The following is the Introduction to Liberty Defined, Ron Paul's newest book, to be released on April 19, 2011

America's history and political ethos are all about liberty. The Declaration of Independence declares that life, liberty, and the pursuit of happiness are unalienable rights, but notice how both life and the pursuit of happiness also depend on liberty as a fundamental bedrock of our country.  We use the word almost as a cliche. But do we know what it means? Can we recognize it when we see it? More importantly, can we recognize the opposite of liberty when it is sold to us as a form of freedom?

Liberty means to exercise human rights in any manner a person chooses so long as it does not interfere with the exercise of the rights of others. This means, above all else, keeping government out of our lives. Only this path leads to the unleashing of human energies that build civilization, provide security, generate wealth, and protect the people from systematic rights violations. In this sense, only liberty can truly ward off tyranny, the great and eternal foe of mankind.
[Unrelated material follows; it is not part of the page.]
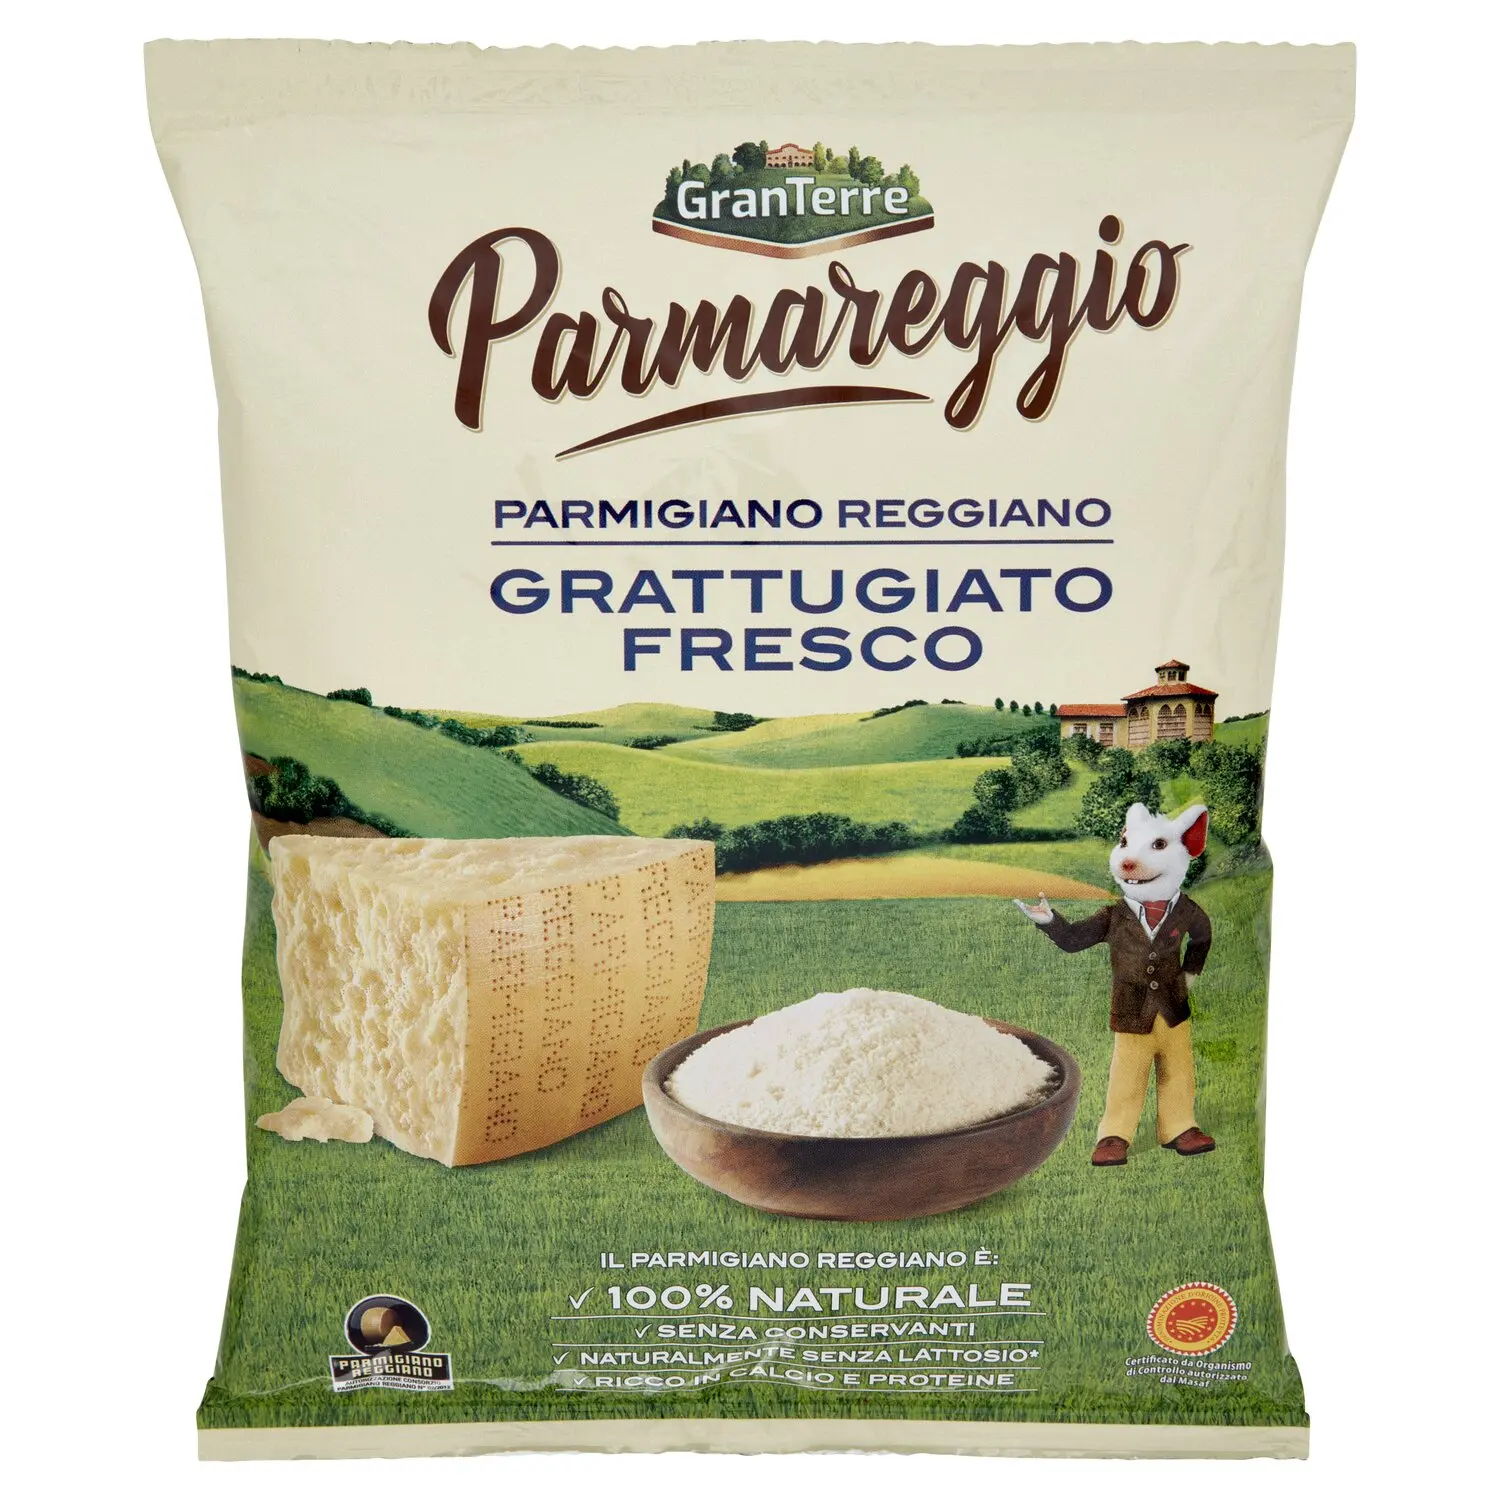 Parmareggio Parmigiano Reggiano Grattugiato Fresco 500 g

The definition of liberty I use is the same one that was accepted by Thomas Jefferson and his generation. It is the understanding derived from the great freedom tradition, for Jefferson himself took his understanding from John Locke (1632-1704). I use the term "liberal" without irony or contempt, for the liberal tradition in the true sense, dating from the late Middle Ages until the early part of the twentieth century,1 was devoted to freeing society from the shackles of the state. This is an agenda I embrace, and one that I believe all Americans should embrace.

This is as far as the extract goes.